Ничто так не тешило сердце Али Кешмири, как возможность приветить молодого, способного ученого, не ведал он большего наслаждения, чем присутствие на собеседованиях и спорах высокоумных. Вкушая изысканнейшие блюда на пиру духа, он одновременно исполнял и свой религиозный долг. Не зря священное предание ссылается на слова Мухаммада: «Наука — вот мое наследие и наследие предшествовавших пророков».
Быть может, под грудами торговых книг погиб в нем ученый. Так оно было или иначе, нам неведомо. Но воистину: «Прекрасен приходящий на помощь!»
Али Кешмири никогда, однако, не сумел бы разбогатеть, если бы не рассчитывал каждый свой шаг наперед.
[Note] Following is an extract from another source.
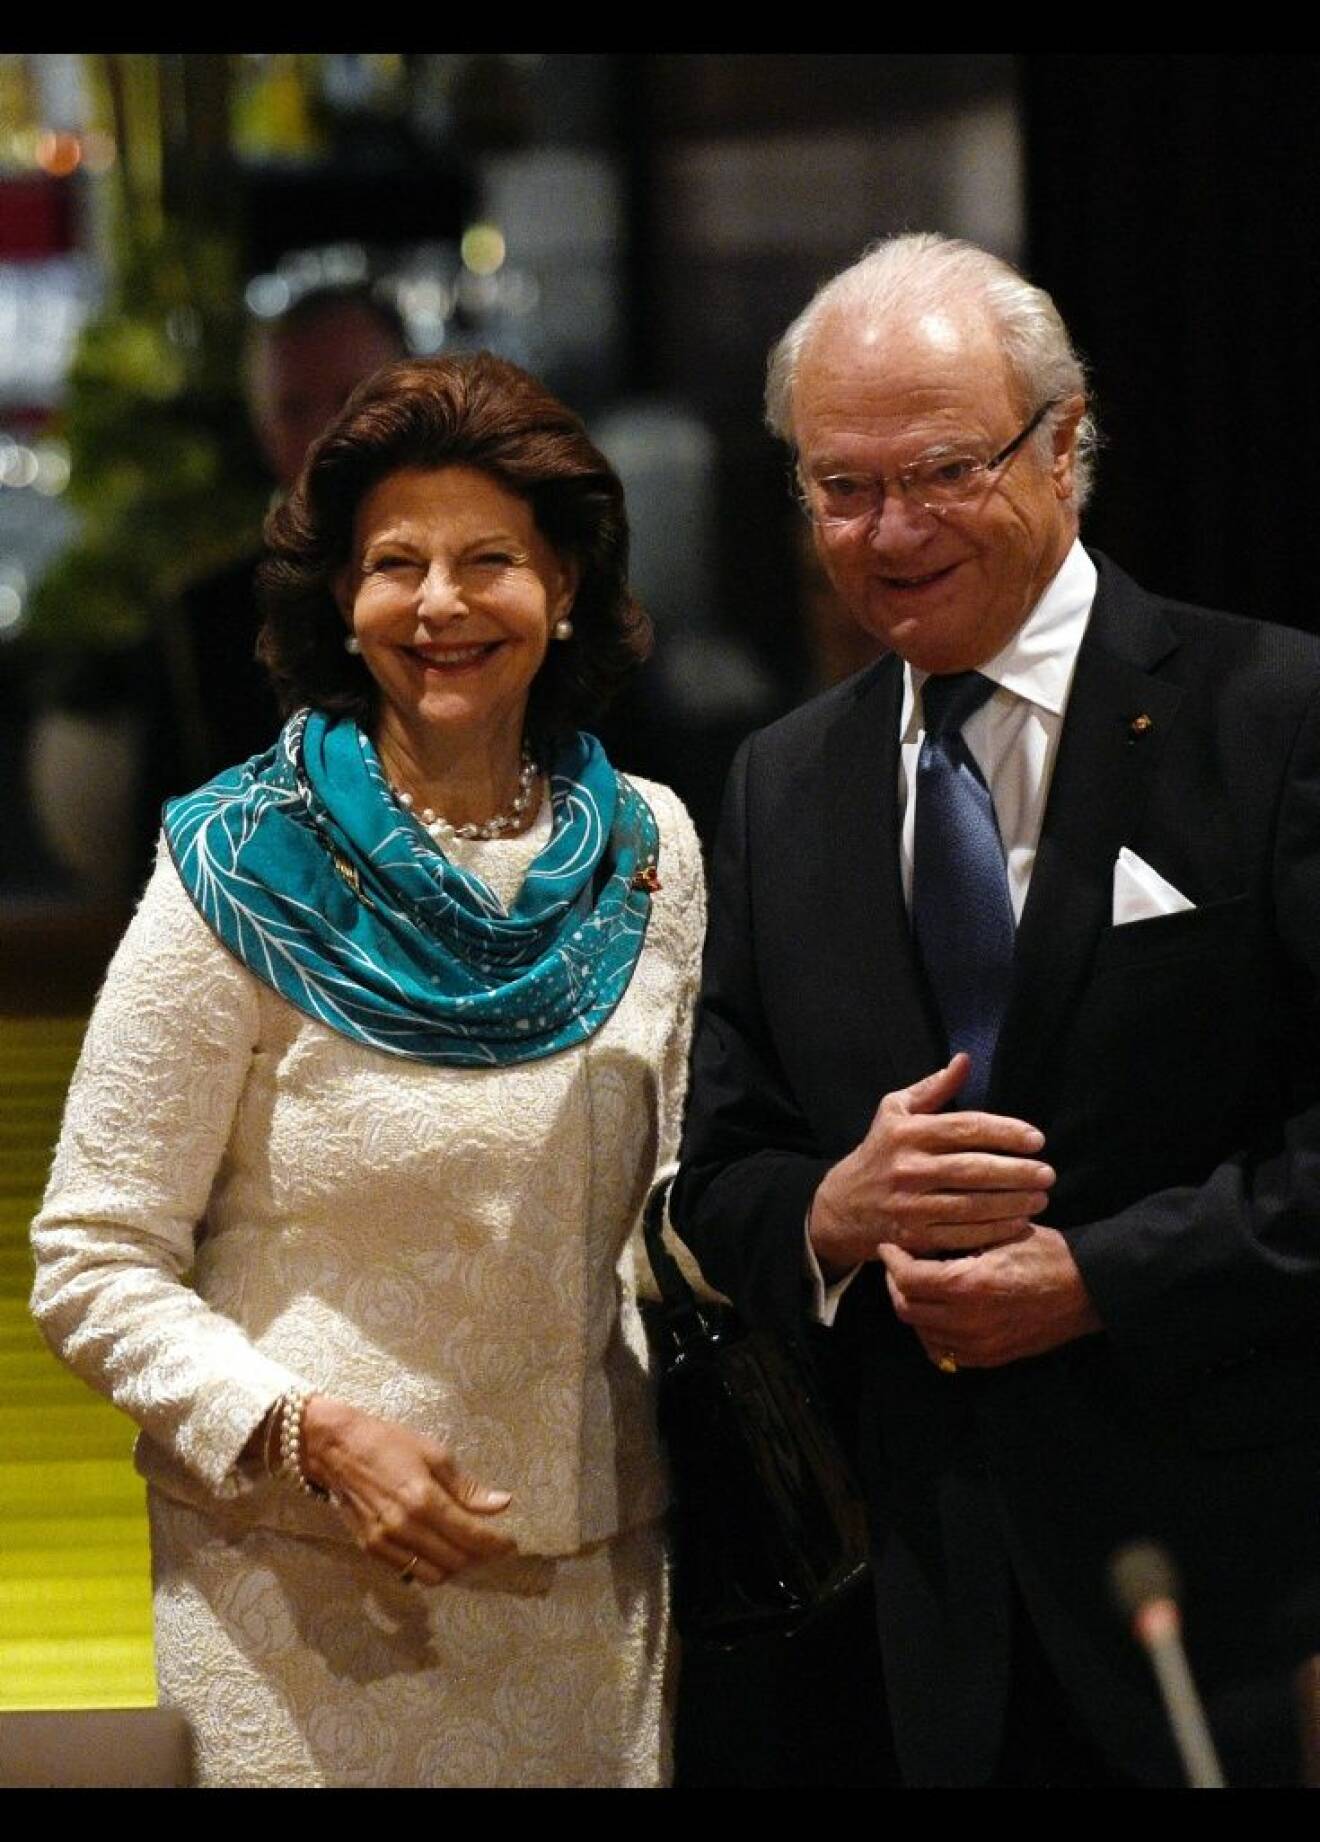 Swedish royal couple visit Germany - Berlin

Первым делом отправил он верного человека к Аскалани, дабы выведать, что представляют собой молодые улемы из турецких земель. И только после его восторженного отзыва, особливо о Бедреддине Махмуде, пригласил обоих пожаловать в свой дом.
Во время ужина Бедреддин с Мюэйедом едва не потеряли сознание, столь обильны и роскошны были брашна, коими угощали гостей, и такое усилие требовалось, дабы не показать, как они голодны, не уронить достоинства. Длительный пост сделал для них обильную пищу смертельно опасной.
Диспут завязался после трапезы. По обычаю темой его стал один из канонических текстов, часть второго стиха из семьдесят шестой суры Корана: «Мы создали человека из капли, из смеси…»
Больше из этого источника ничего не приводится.